**Data:**
[Start of Attachment]

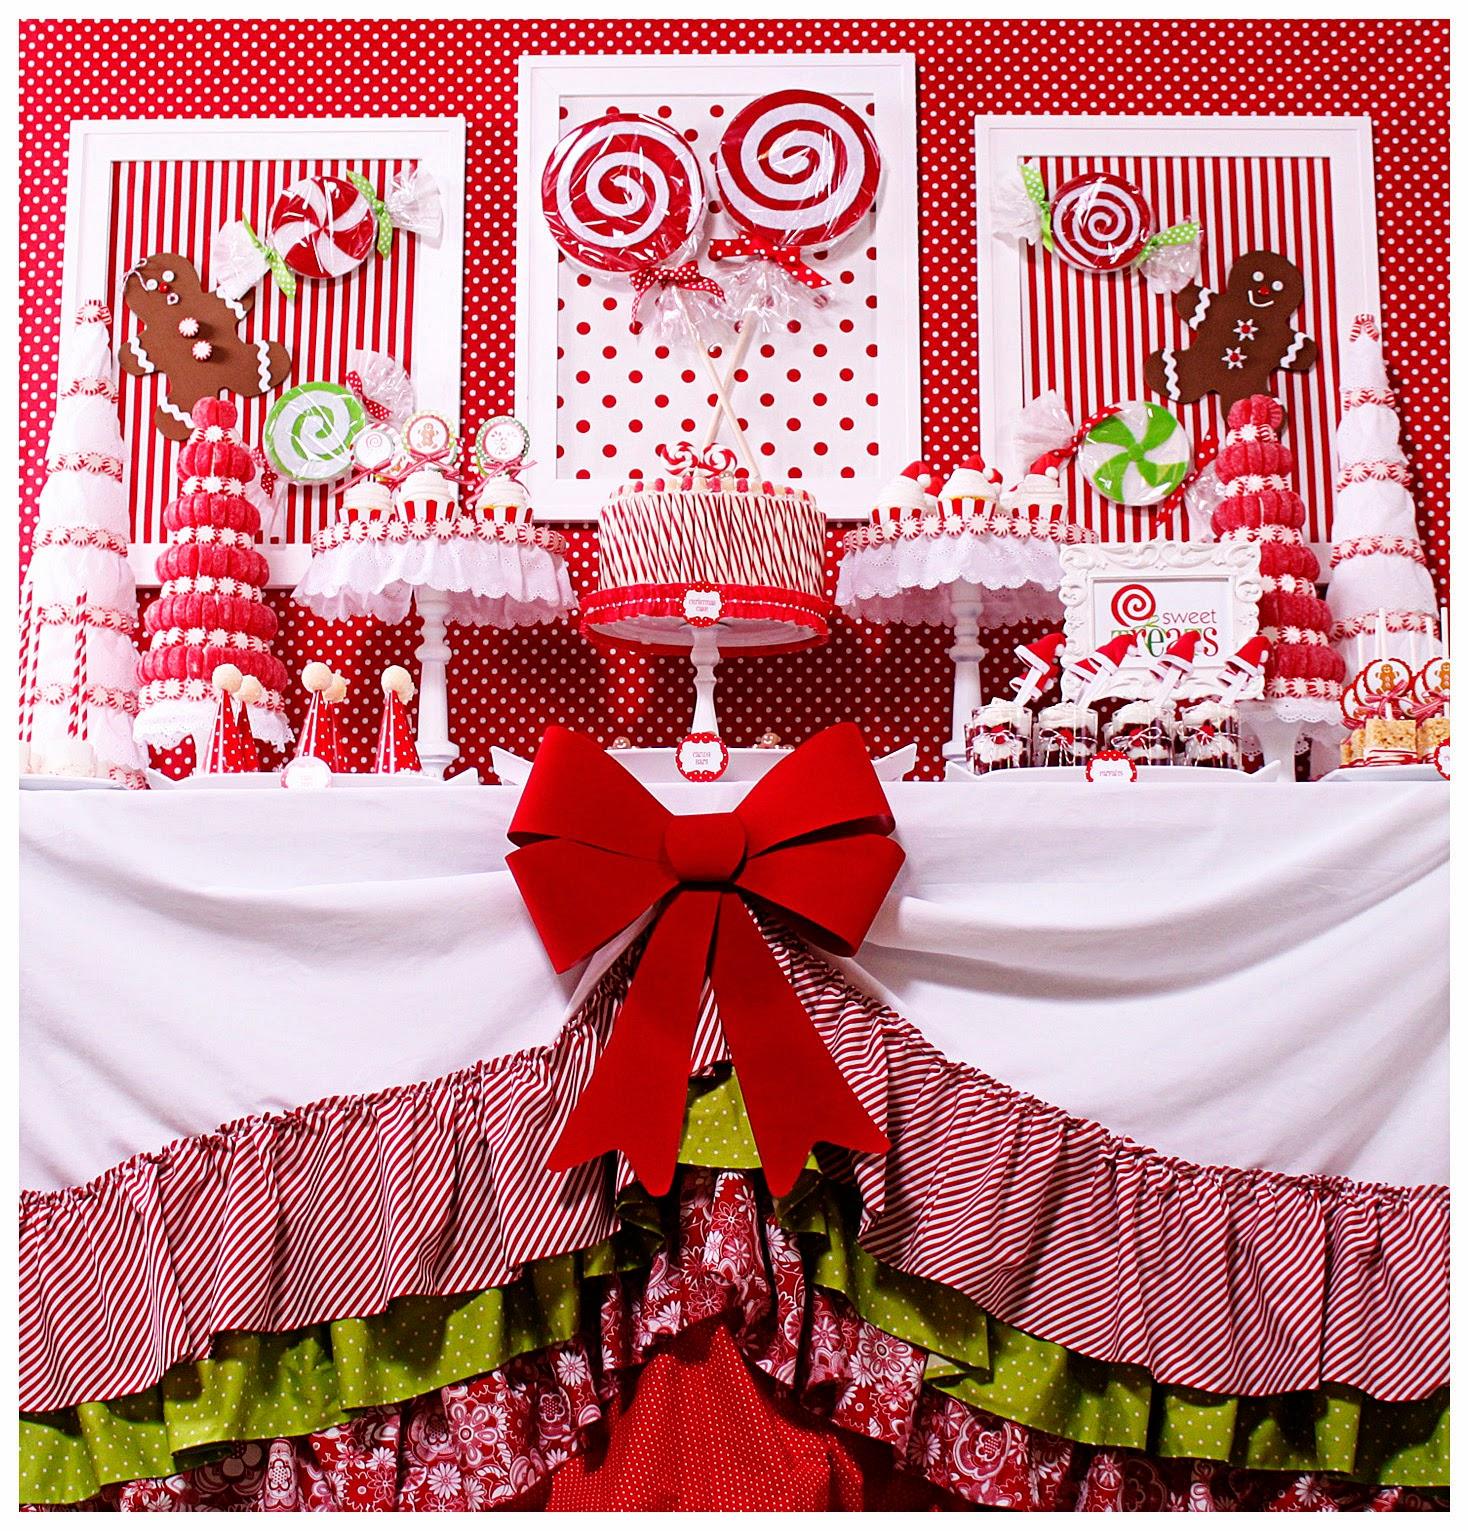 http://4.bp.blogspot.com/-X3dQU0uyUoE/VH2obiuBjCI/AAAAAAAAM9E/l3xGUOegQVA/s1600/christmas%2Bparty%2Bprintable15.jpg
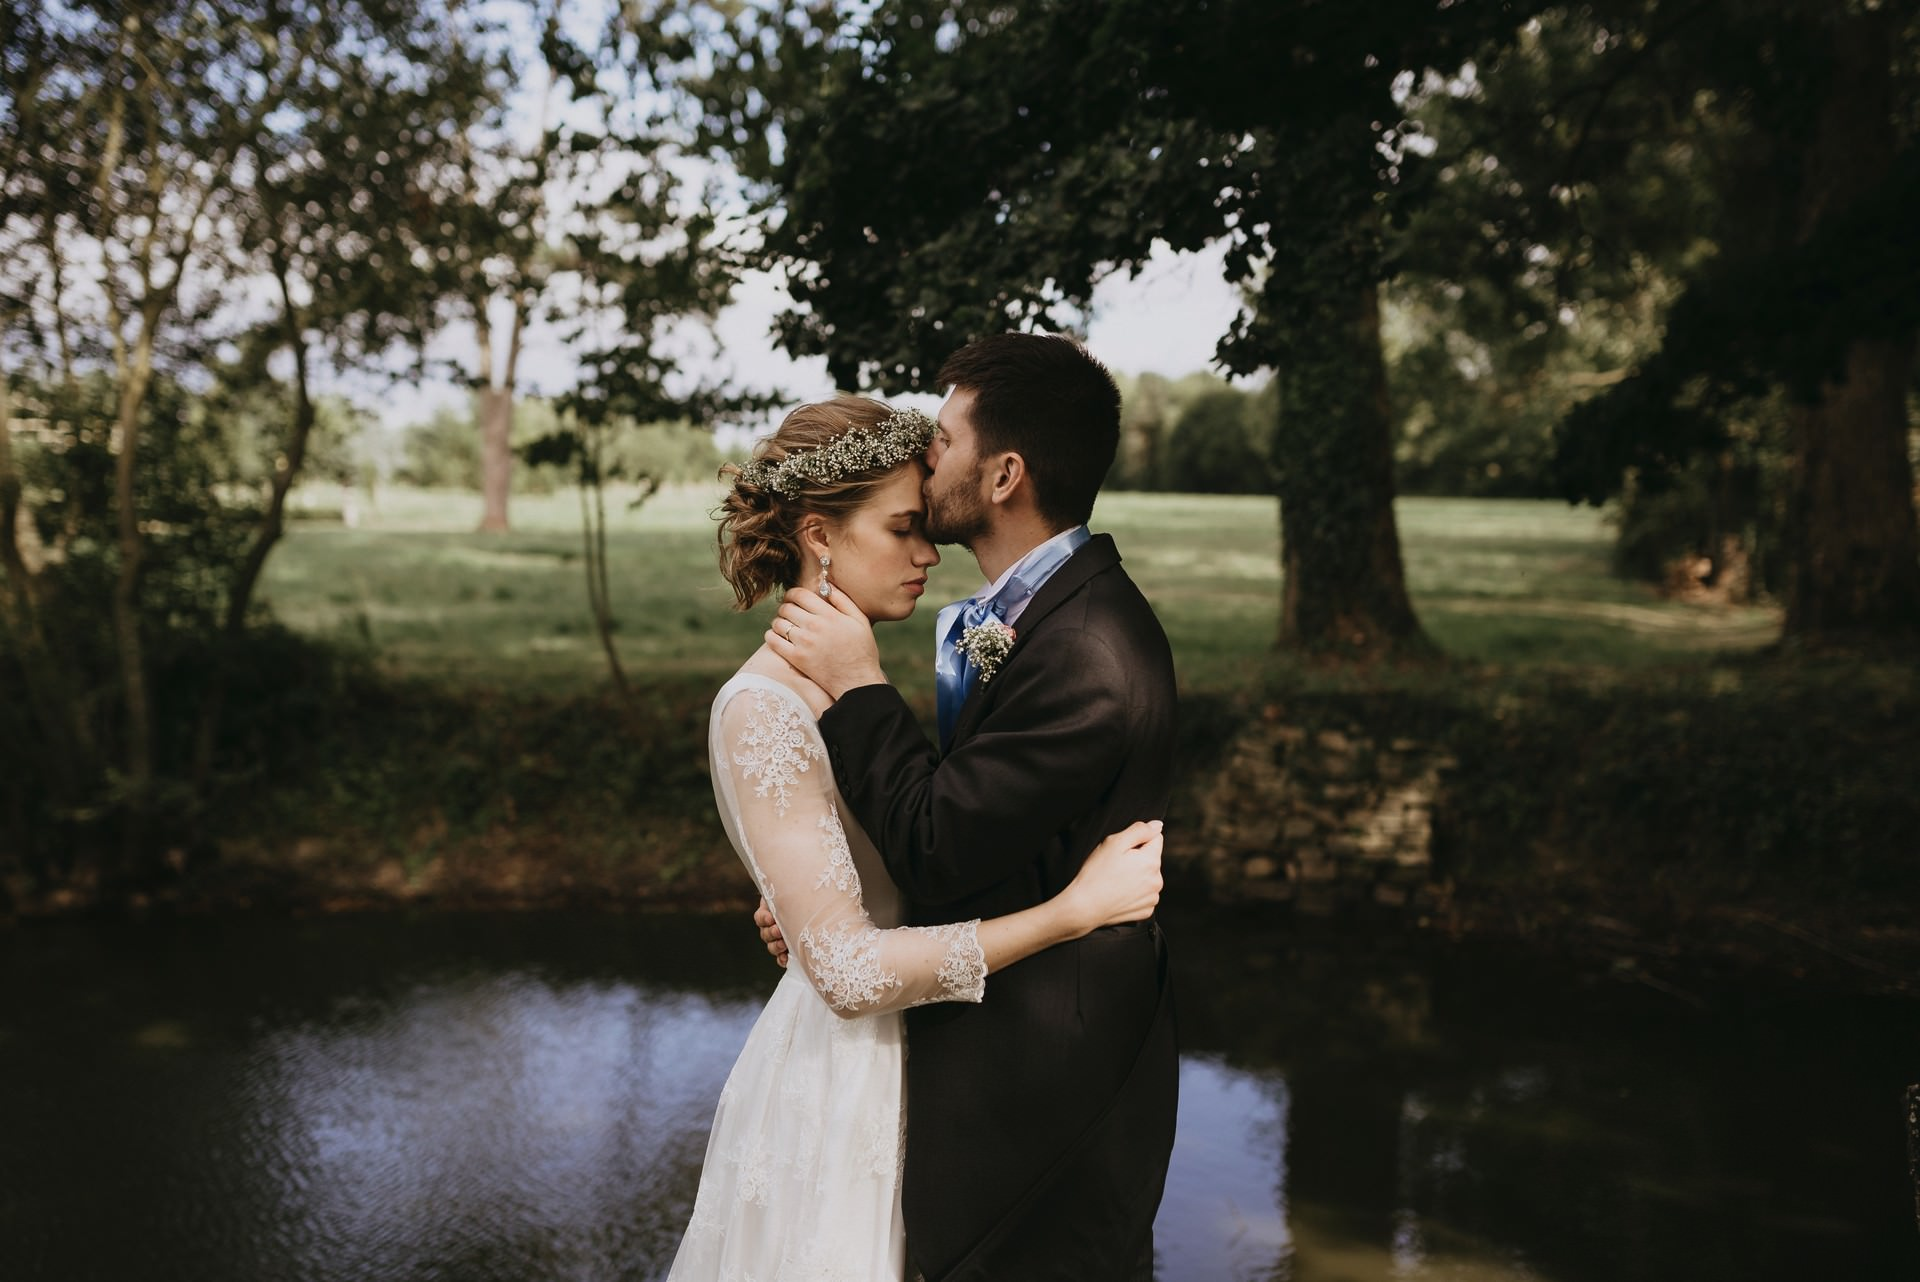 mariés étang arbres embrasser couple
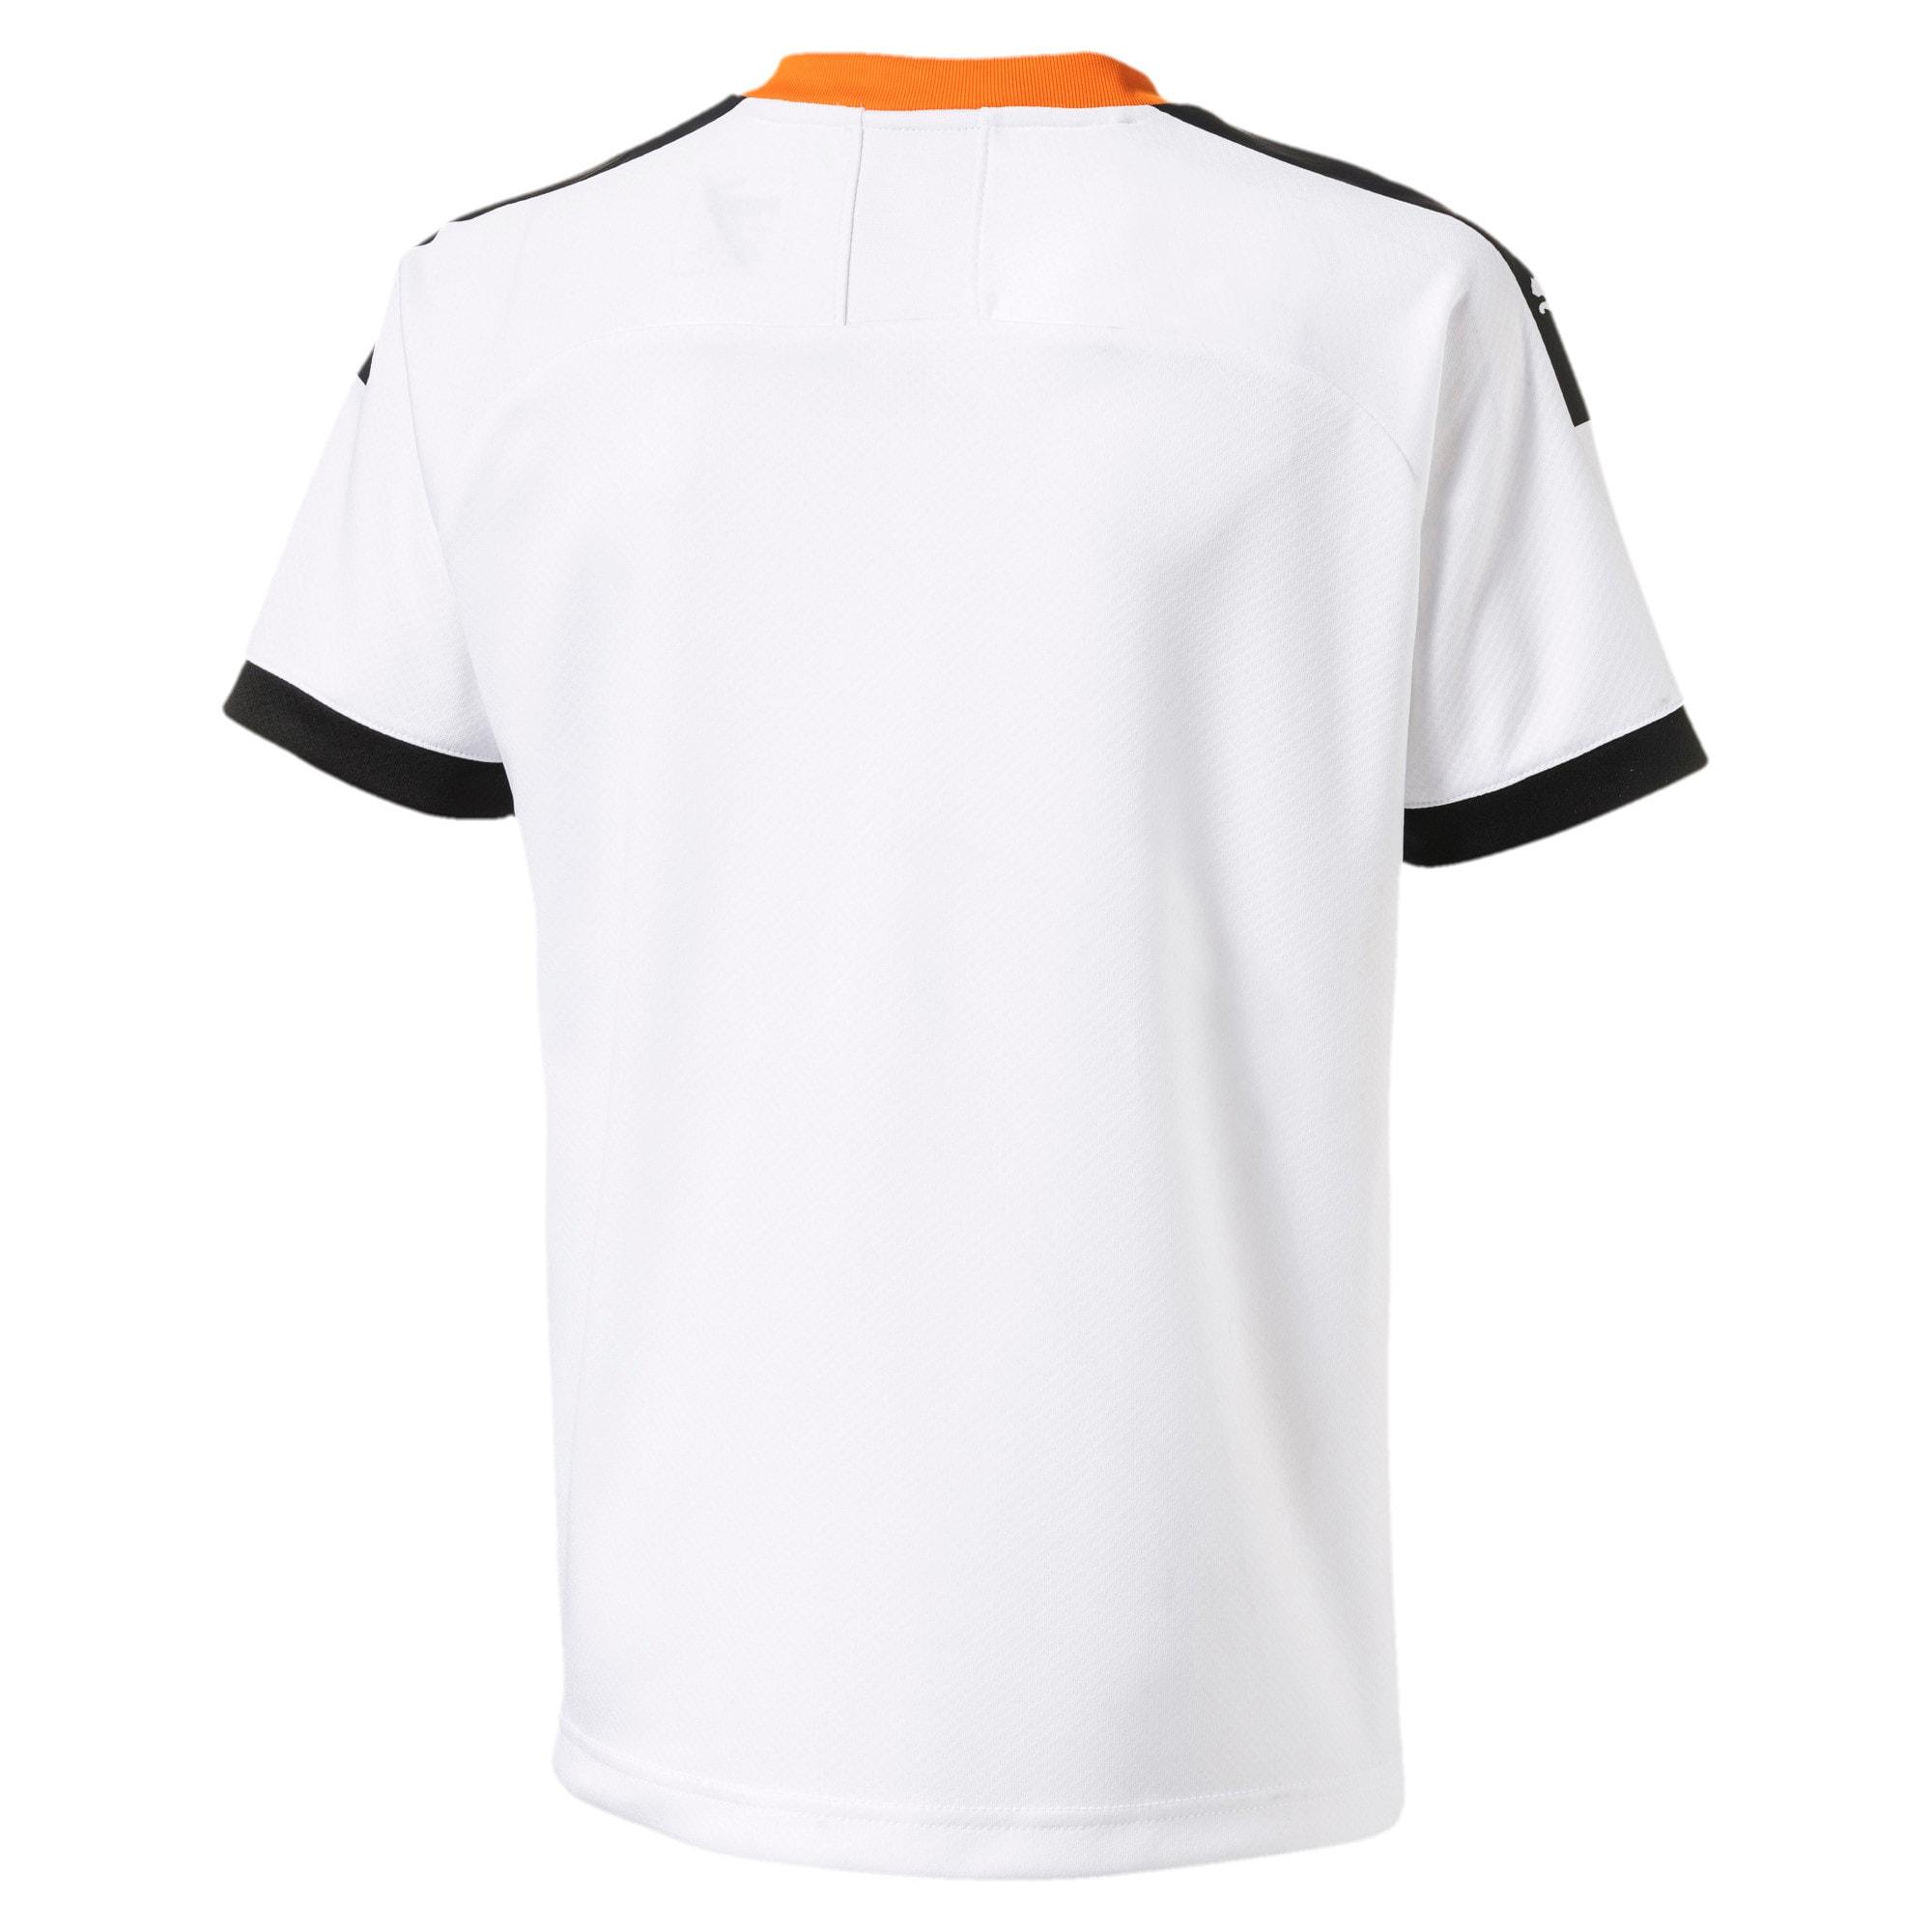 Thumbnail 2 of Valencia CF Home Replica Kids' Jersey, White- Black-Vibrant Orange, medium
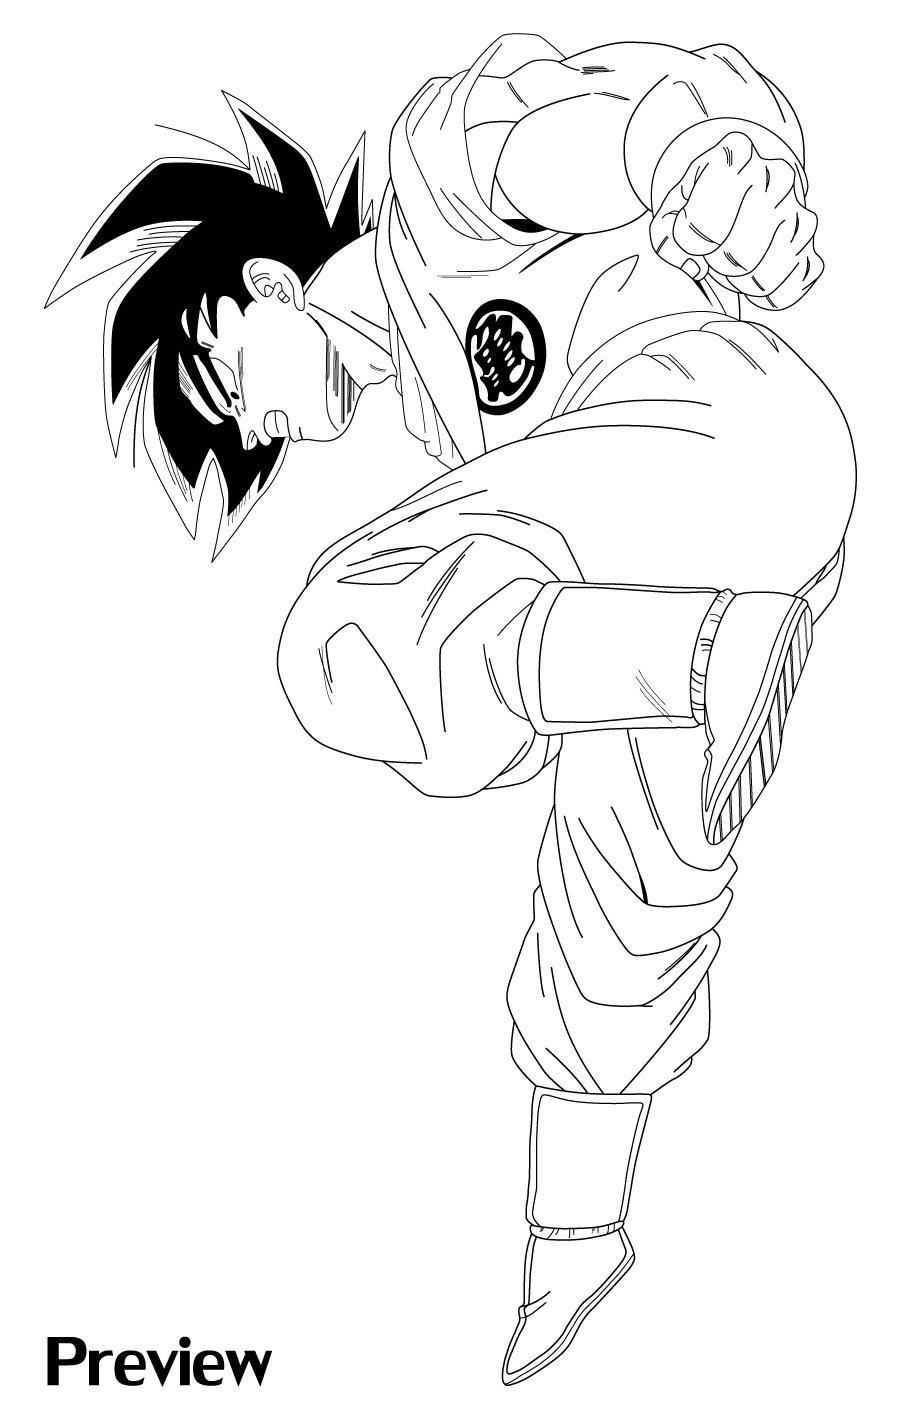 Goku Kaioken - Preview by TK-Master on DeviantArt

[End of Attachment]

**Work item:** Could you retype the whole listing word for word, minus its pictures?

**Solution:**
 http://4.bp.blogspot.com/-X3dQU0uyUoE/VH2obiuBjCI/AAAAAAAAM9E/l3xGUOegQVA/s1600/christmas%2Bparty%2Bprintable15.jpg
 mariés étang arbres embrasser couple
 Thumbnail 2 of Valencia CF Home Replica Kids' Jersey, White- Black-Vibrant Orange, medium
 Goku Kaioken - Preview by TK-Master on DeviantArt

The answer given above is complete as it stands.